Après #Balance ton porc, #Balance ton patron estime l'avocat de la défense


L’avocat du directeur commercial précise qu’aucune démarche pour harcèlement moral n’est arrivée au CHSCT, délégués syndicaux, CE de l’entreprise. Un audit avait été réalisé selon lui en 2013 sur les conditions de vie des salariés sans aucune trace de harcèlement moral.

Me Schwerdorffer s’inquiète d’un possible emballement de la machine judiciaire. « J’ai le sentiment qu’après balance ton porc, après balance ton patron, dès qu’on parle aujourd’hui de harcèlement moral, c’est la panique. Les parquets ont des réactions excessives.. On envoie la police judiciaire dans ce magasin au vu et su de tout le monde. La riposte est totalement disproportionnée. On n’a même pas d’éléments médicaux sérieux dans ce dossier » conclut l’avocat du directeur commercial qui estime que la justice va trop vite dans ce dossier comme ce fut le cas dans l'affaire Georges Tron élu accusé de harcèlement sexuel et finalement reconnu non coupable lors de son procès. 
 

Que risquent les quatre dirigeants mis en examen ?

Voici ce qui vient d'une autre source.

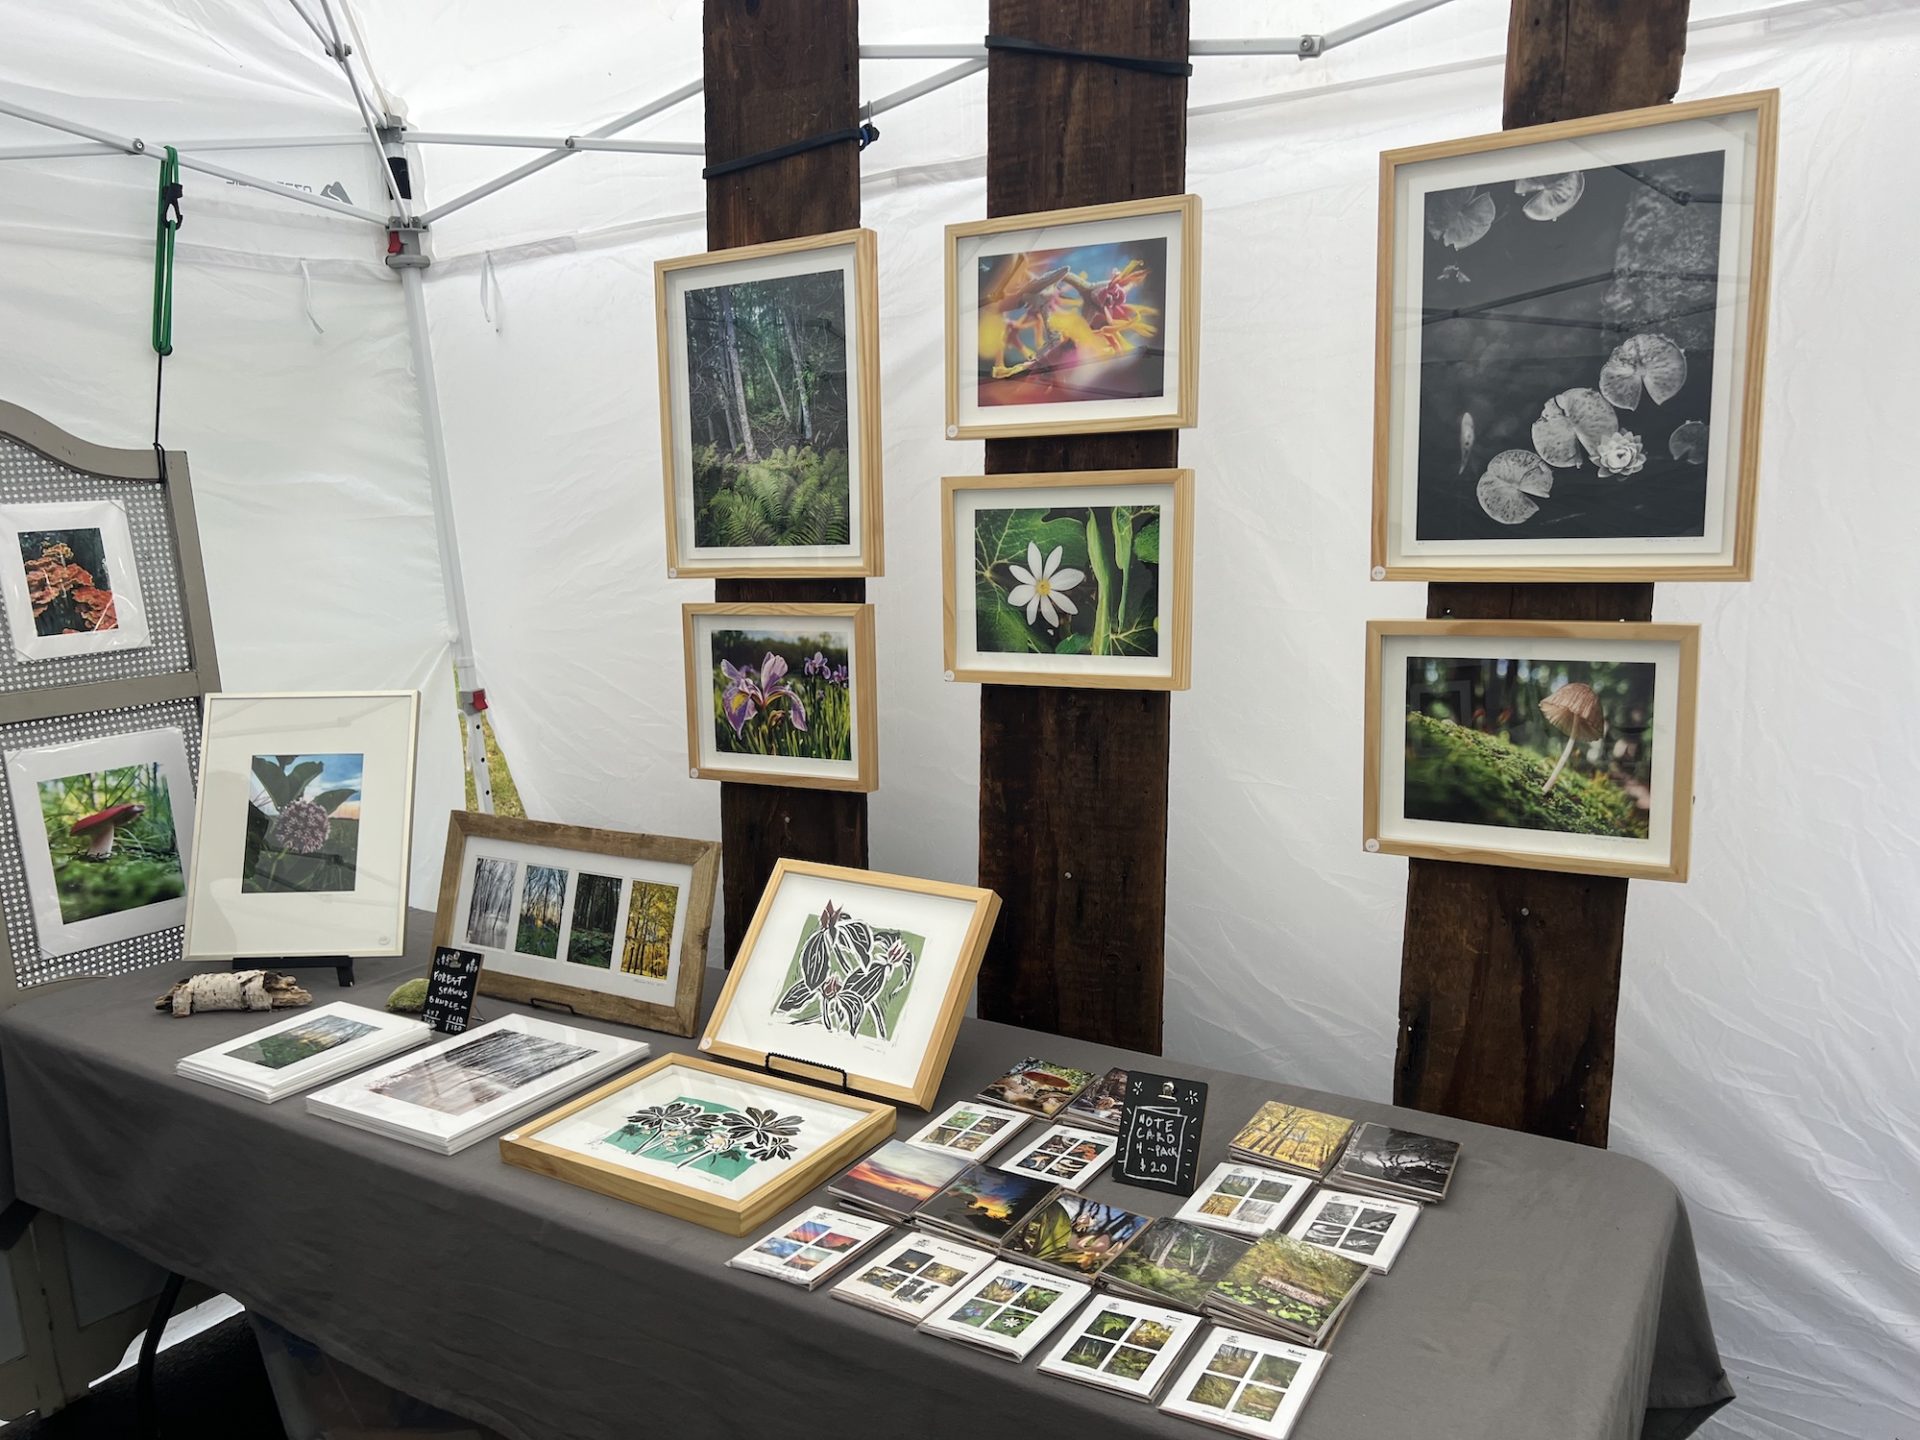 a selection of photography hangs in a tent and lays on the table. The photos are mostly close up nature shots of forests and flowers

En attendant leur procès, le quatre dirigeants du magasin E.Leclerc d'Héricourt ont été laissés en liberté et placés sous contrôle judiciaire avec interdiction de se rendre sur Héricourt, interdiction de tout contact avec les personnes qui ont porté plainte, interdiction de gérer une entreprise. Des cautions de 60.000 euros, 8.000 et 4.000 euros ont été versées. 

Les suspects encourent une peine pouvant aller jusqu'à deux ans de prison, 30.000 euros d'amende et une interdiction de gérer une entreprise. Contactée par France 3 Franche-Comté, le groupe commercial présidé par Michel-Edouard Leclerc n'a pas souhaité faire de commentaires sur cette affaire qui touche l'une de ses enseignes.